In pursuit of those higher home ownership rates, especially among low-income people and minorities, the many vast powers of the federal government -- from the Federal Reserve to bank regulatory agencies and even the Department of Justice, which issued threats of anti-discrimination lawsuits -- were used to force banks and other lenders to lower their standards for making mortgage loans.

Lower lending standards of course meant higher risks of default. But these risks -- and the chain reactions throughout the whole financial system -- were like the traffic ignored by a small child dashing out into the street in pursuit of their bouncing ball. The whole economy got hit when the housing boom became a housing bust, and we are still trying to recover, years later.


Joseph Angier said...

Yup.

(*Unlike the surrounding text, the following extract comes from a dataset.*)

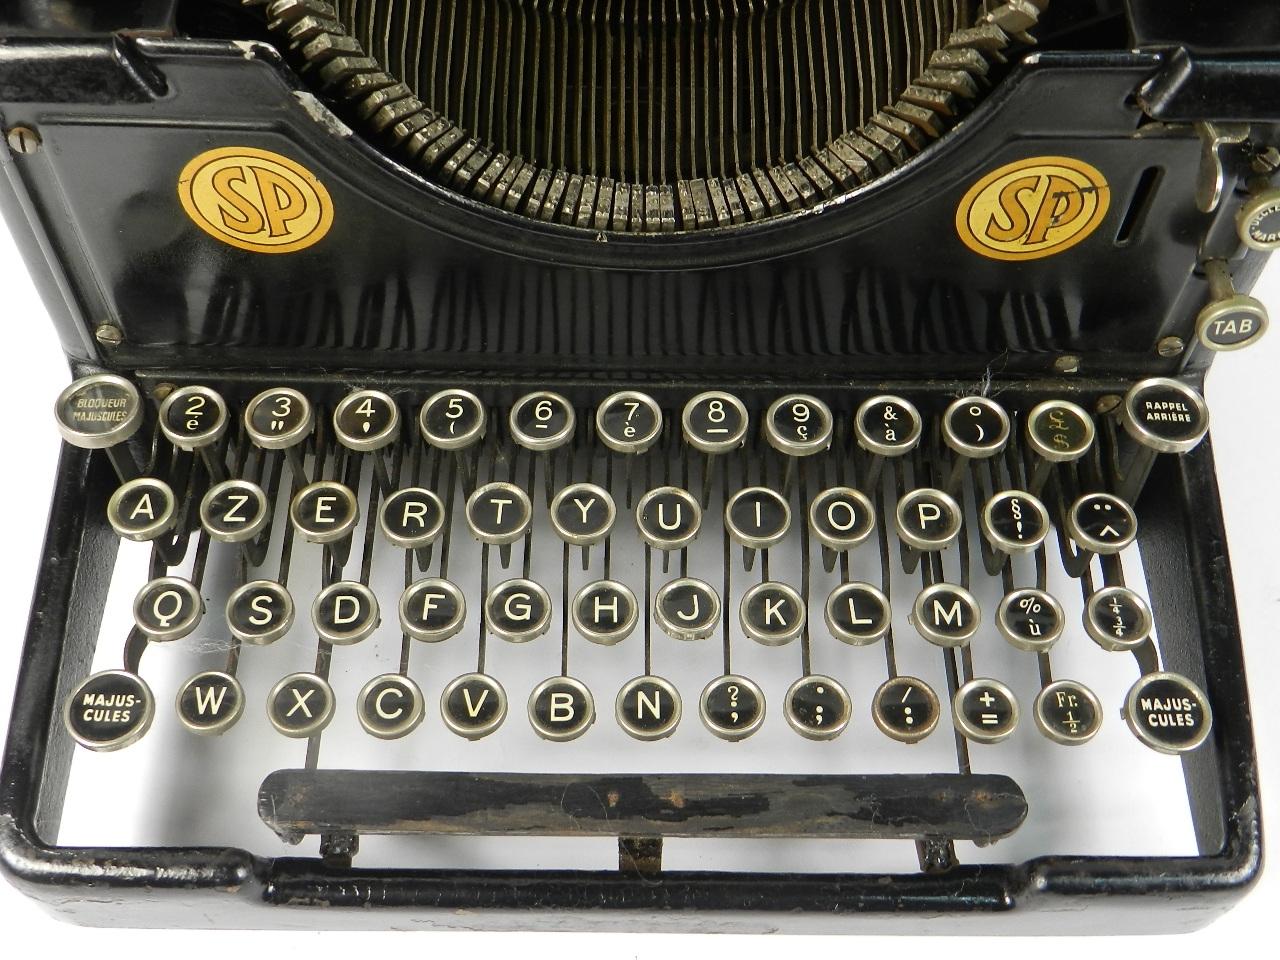 Imagen SMITH PREMIER Mod 50 AÑO 1923 31202

The economic crisis of 2008 was caused by liberal do-gooders forcing banks to provide mortgages to undeserving people. This was a lame idea pushed by the John Stossels of the world a few years ago, and it's depressing to see that it keeps popping up. Credit-unworthy home-buyers played a (small) part in the crisis, but the real mess was caused by the banks who made securitization of these bad loans into a big industry ... And they did all that without the help or encouragement of Barney Frank, Paul Krugman, Chris Dodd, or any other liberal Thomas Sowell cares to mention.

Thomas Moore said...

Well I do understand that banks and others helped create the problem we have to put the people going out getting the big red ball as a part of the problem as well. I mean you need and have to know what you can and can't afford. i worked in banking and several clients go upset when I suggested that buying a home or at a particular price would not be in there best interest. Some people just wanted to get what they wanted.